How to upload and publish data for supported formats¶

This guide describes how to upload data in NOMAD supported file formats. You find a list of supported formats on top of each upload page, see below.

Preparing files¶

You can upload files one by one, but you can also provider larger .zip or .tar.gz archive files, if this is easier to you. Also the file upload via frp or command line with curl or with wget generates an archive files. The specific layout of these files is up to you. NOMAD will simply extract them and consider the whole directory structure within.

Create an upload and add files¶

Open NOMAD and log in; if you don't have a NOMAD account, please create one.

Go to PUBLISH / Uploads. Here you can create an upload with the CREATE A NEW UPLOAD button. This will bring you to the upload page.

Before you start, make sure that the size of your data does not exceed the upload limits. If it does, please contact us.

You can drop your files on (or click) the CLICK OR DROP FILES button. On top you will see a list of supported file formats and details on the files to upload. You can also go to the FILES tab. Here you can create directories and drop files into directories.

Processing files¶

NOMAD interprets your files. It checks each file and recognizes the main output file of the supported codes. NOMAD creates an entry for this mainfile that represents the respective data of this code run, experiment, etc.

While you can browse all files of an upload from its upload page, NOMAD only allows to search for such recognized mainfiles. As long as your upload does not contain any files that are recognized by NOMAD, you cannot publish the data.

However, all files that are associated to a recognized mainfile by being in the same directory are displayed as auxiliary files next to the entry represented by the mainfile.

Note

A note for VASP users. On the handling of POTCAR files: NOMAD takes care of it; you don't need to worry about it. We understand that POTCAR files are not supposed to be visible to the public according to your VASP license. Thus, in agreement with Georg Kresse, NOMAD extracts the most important information of POTCAR files and stores it in the files named POTCAR.stripped. These files can be accessed and downloaded by anyone, while the original POTCAR files are automatically removed.

Visibility and access¶

You can edit who has access to your upload. Click on the Edit upload members button to open the corresponding dialog. There you can search for users (or groups, see below) and add them to the list as reviewers, who can view your upload before it is published.

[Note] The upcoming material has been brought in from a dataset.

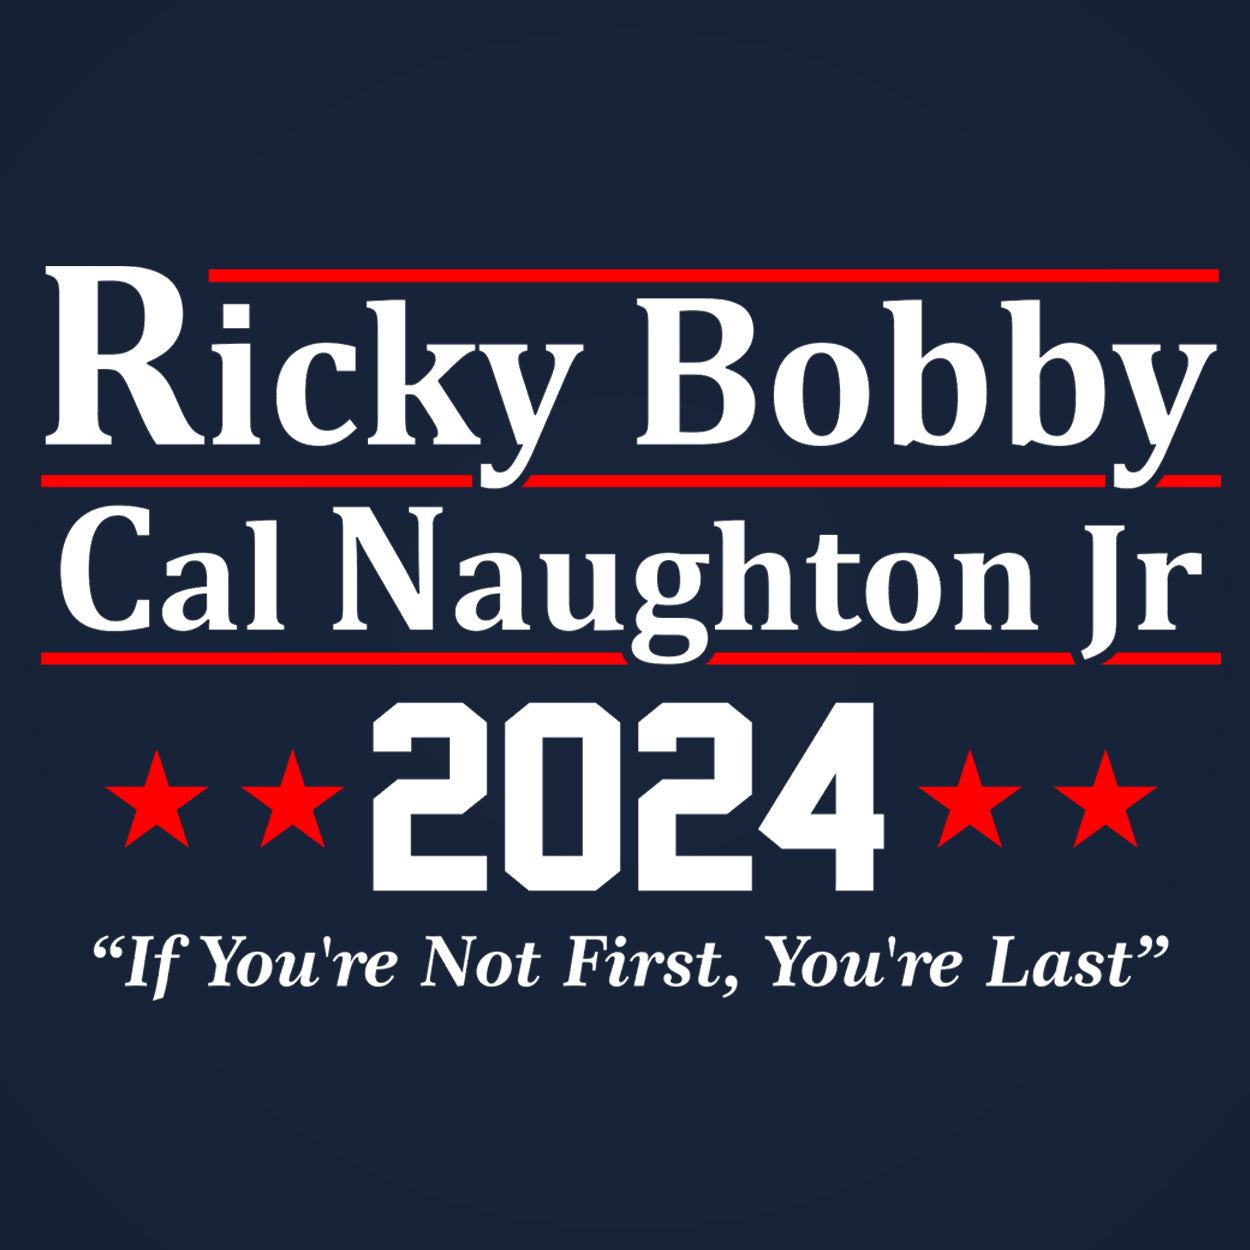 Ricky Bobby Cal Naughton Jr 2024 Election Tshirt - Donkey Tees
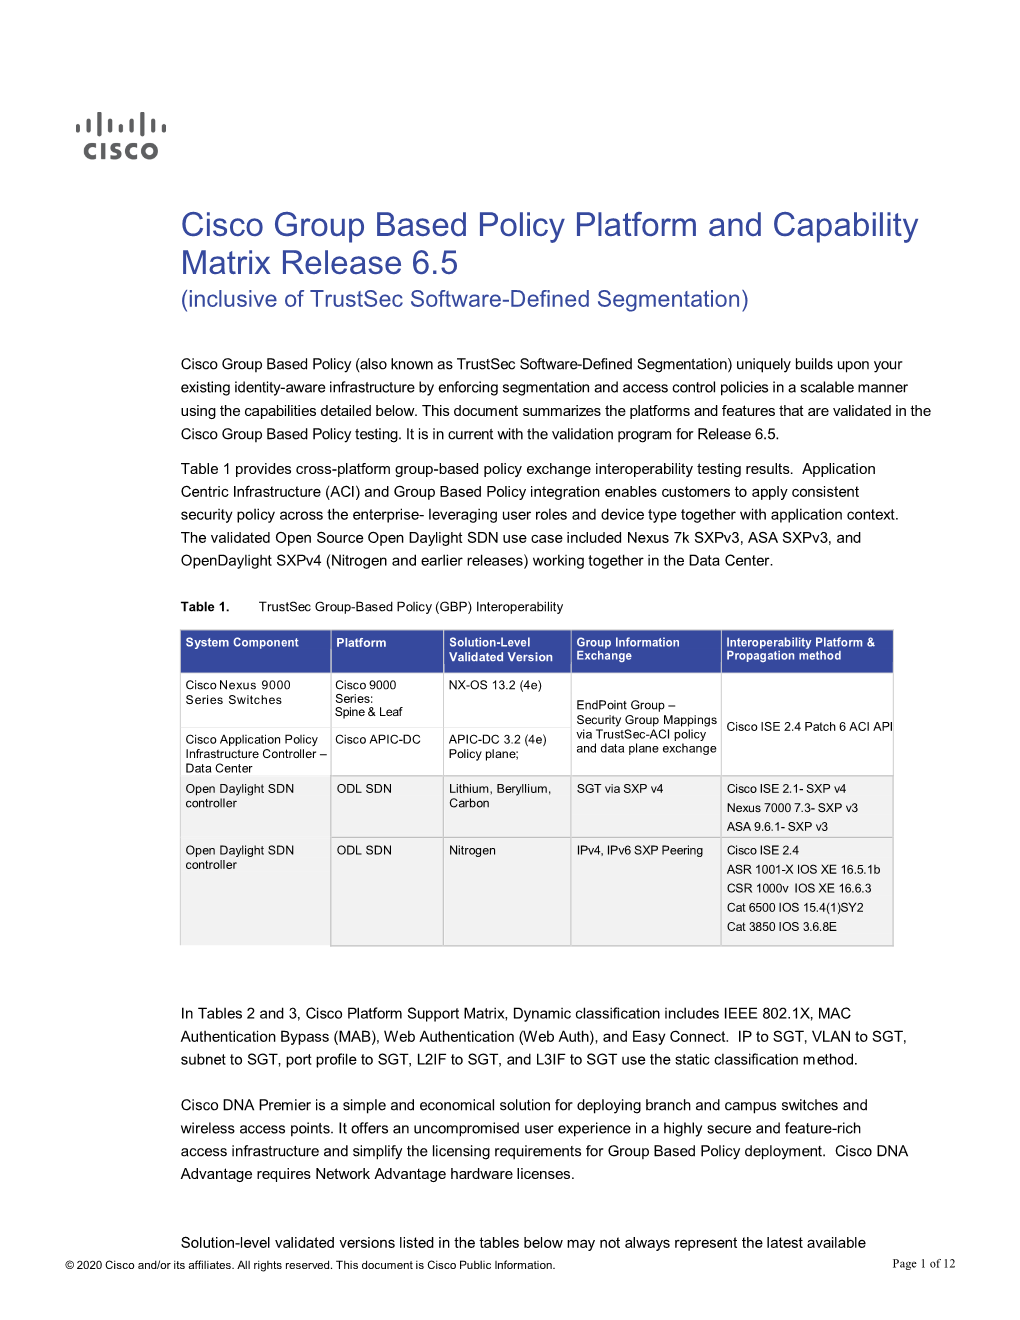 Cisco Group Based Policy – Trustsec 6.5 Platform Capability Matrix

The table below the search field shows who has been added and their role. In each row you can remove the member or change their role from Reviewer to Co-author, who may also edit the upload. You must confirm the dialog for the changes to take effect.

You can also make the upload visible for everyone, even not logged in users, by using the checkbox in the same upload step. Note that you cannot use this feature if the upload is published with embargo and vice versa.

Note

Instead of single users you may also give access via user groups. Switch the search type from User to Group, search for the group name, and optionally change their role. This feature must be enabled in the config file nomad.yaml.

See API on how to create and edit user groups.

Add user metadata¶

NOMAD automatically extracts as much information as possible from your files but you can still specify additional metadata. This is what we call user metadata. This includes comments, additional web-references, and datasets (use the edit metadata function on the upload page).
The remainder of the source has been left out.